将音频流式传输到 DialogFlow 以进行实时意图识别答案

【问题标题】：Streaming audio to DialogFlow for real-time intent recognition将音频流式传输到 DialogFlow 以进行实时意图识别
【发布时间】：2020-02-12 17:58:03
【问题描述】：

我正在尝试将音频从（Pepper 机器人）麦克风流式传输到 DialogFlow。我有用于发送音频块的工作代码。当我发送请求时，响应包含消息None Exception iterating requests!。我以前从音频文件中读取时看到过这个错误。但是，我看不出我现在传递的数据有什么问题。

processRemote 会在麦克风录制某些内容时被调用。将sound_data[0].tostring() 写入 StringIO 并稍后以 4096 字节的块检索它时，该解决方案有效。

self.processing_queue 应该保存一些音频块，在处理新音频之前应该对其进行处理。

self.session_client.streaming_detect_intent(requests) 的响应中出现错误。

感谢任何想法。

    def processRemote(self, nbOfChannels, nbOfSamplesByChannel, timeStamp, inputBuffer):
        """audio stream callback method with simple silence detection"""
        sound_data_interlaced = np.fromstring(str(inputBuffer), dtype=np.int16)
        sound_data = np.reshape(sound_data_interlaced,
                                (nbOfChannels, nbOfSamplesByChannel), 'F')
        peak_value = np.max(sound_data)
        chunk = sound_data[0].tostring()
        self.processing_queue.append(chunk)
        if self.is_active:
            # detect sound
            if peak_value > 6000:
                print("Peak:", peak_value)
                if not self.recordingInProgress:
                    self.startRecording()

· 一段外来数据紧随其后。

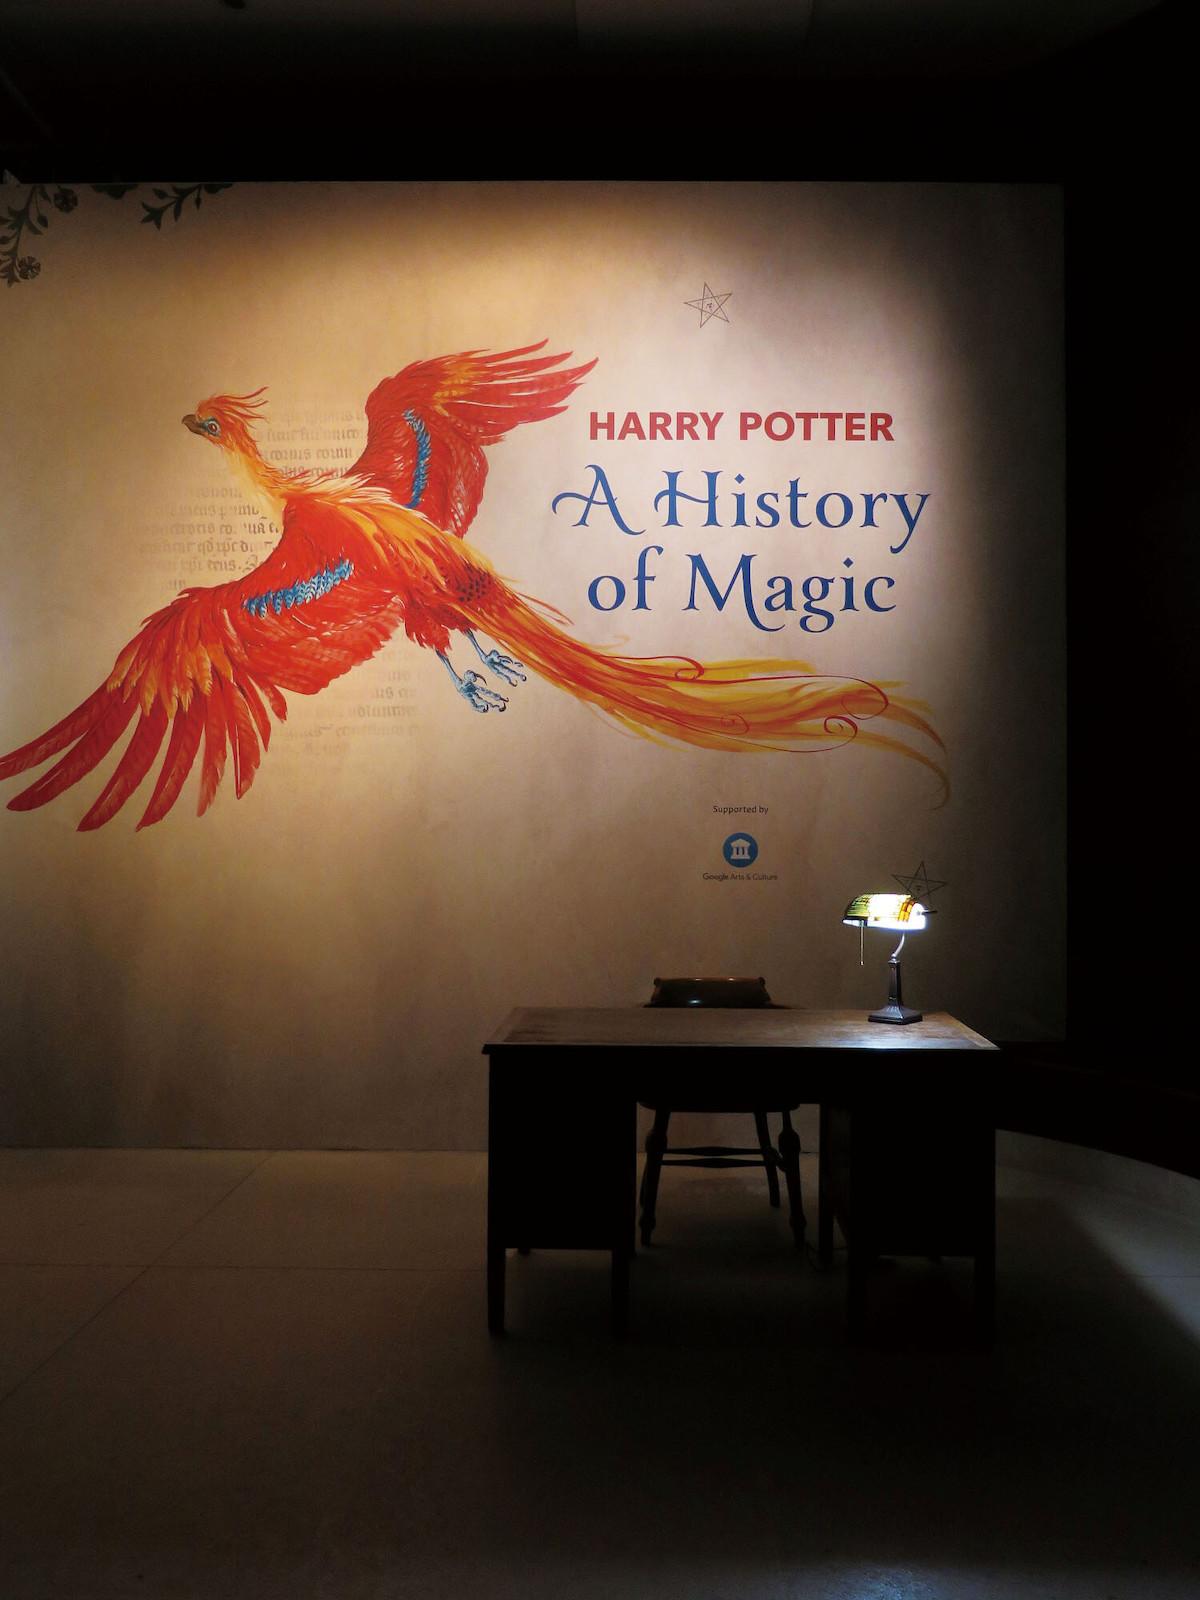 大英図書館の展示風景 ©️Easy Tiger Creative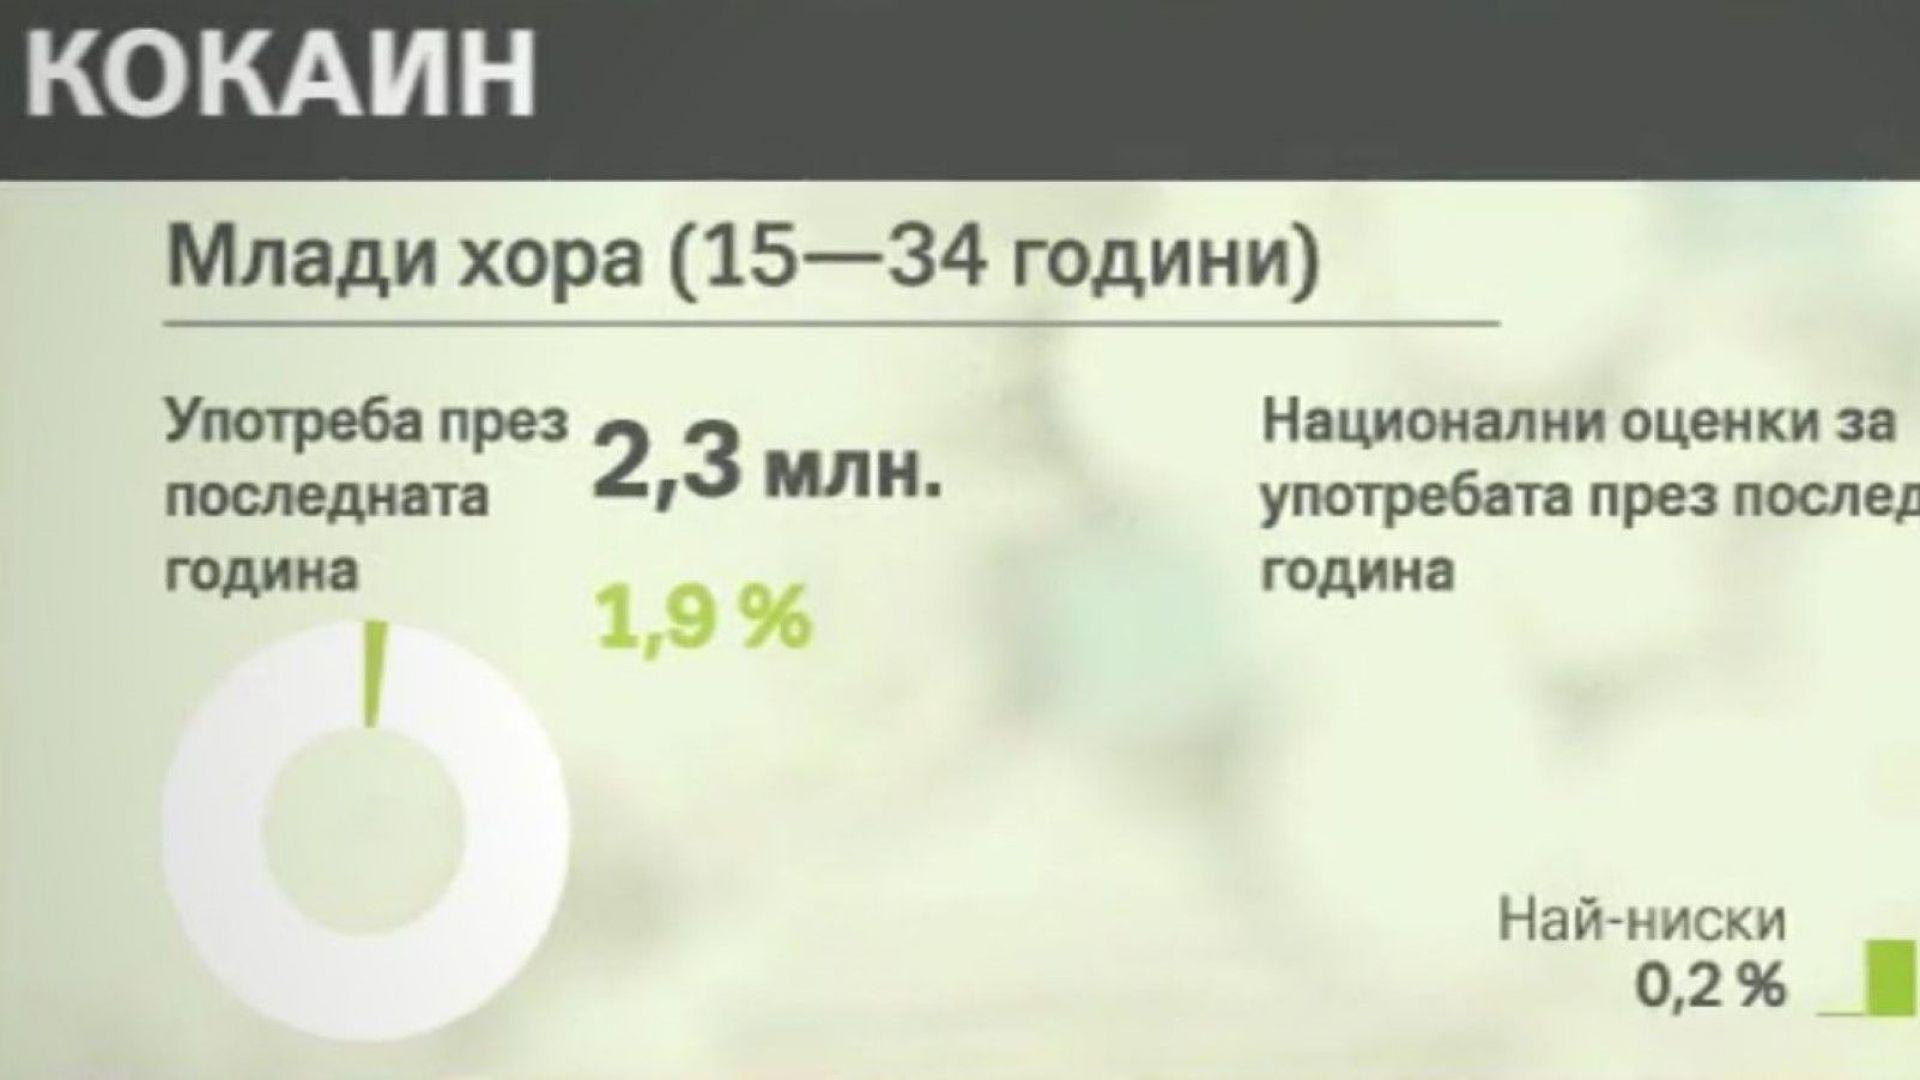 Все повече българи употребяват кокаин и екстази

            # if recording is in progress we send directly to google
            try:
                if self.recordingInProgress:
                    print("preparing request proc remote")
                    requests = [dialogflow.types.StreamingDetectIntentRequest(input_audio=chunk)]
                    print("should send now")
                    responses = self.session_client.streaming_detect_intent(requests)
                    for response in responses:
                        print("checking response")
                        if len(response.fulfillment_text) != 0:
                            print("response not empty")
                            self.stopRecording(response)  # stop if we already know the intent
            except Exception as e:
                print(e)

    def startRecording(self):
        """init a in memory file object and save the last raw sound buffer to it."""
        # session path setup
        self.session_path = self.session_client.session_path(DIALOG_FLOW_GCP_PROJECT_ID, self.uuid)
        self.recordingInProgress = True
        requests = list()

        # set up streaming
        print("start streaming")
        q_input = dialogflow.types.QueryInput(audio_config=self.audio_config)
        req = dialogflow.types.StreamingDetectIntentRequest(
                        session=self.session_path, query_input=q_input)
        requests.append(req)

        # process pre-recorded audio
        print("work on stored audio")
        for chunk in self.processing_queue:
            print("appending chunk")
            try:
                requests.append(dialogflow.types.StreamingDetectIntentRequest(input_audio=chunk))
            except Exception as e:
                print(e)
        print("getting response")
        responses = self.session_client.streaming_detect_intent(requests)
        print("got response")
        print(responses)

        # iterate though responses from pre-recorded audio
        try:
            for response in responses:
                print("checking response")
                if len(response.fulfillment_text) != 0:
                    print("response not empty")
                    self.stopRecording(response)  # stop if we already know the intent
        except Exception as e:
            print(e)

        # otherwise continue listening
        print("start recording (live)")

    def stopRecording(self, query_result):
        """saves the recording to memory"""
        # stop recording
        self.recordingInProgress = False
        self.disable_google_speech(force=True)
        print("stopped recording")

        # process response
        action = query_result.action
        text = query_result.fulfillment_text.encode("utf-8")
        if (action is not None) or (text is not None):
            if len(text) != 0:
                self.speech.say(text)
            if len(action) != 0:
                parameters = query_result.parameters
                self.execute_action(action, parameters)

【问题讨论】：

标签： google-cloud-platform dialogflow-es google-speech-api pepper

【解决方案1】：

根据source code，session_client.streaming_detect_intent 函数需要一个可迭代对象作为其参数。但你目前正在给它一个请求列表。

不起作用：

requests = [dialogflow.types.StreamingDetectIntentRequest(input_audio=chunk)]
responses = self.session_client.streaming_detect_intent(requests) 
#None Exception iterating requests!

替代方案：

# wrap the list in an iterator
requests = [dialogflow.types.StreamingDetectIntentRequest(input_audio=chunk)]
responses = self.session_client.streaming_detect_intent(iter(requests))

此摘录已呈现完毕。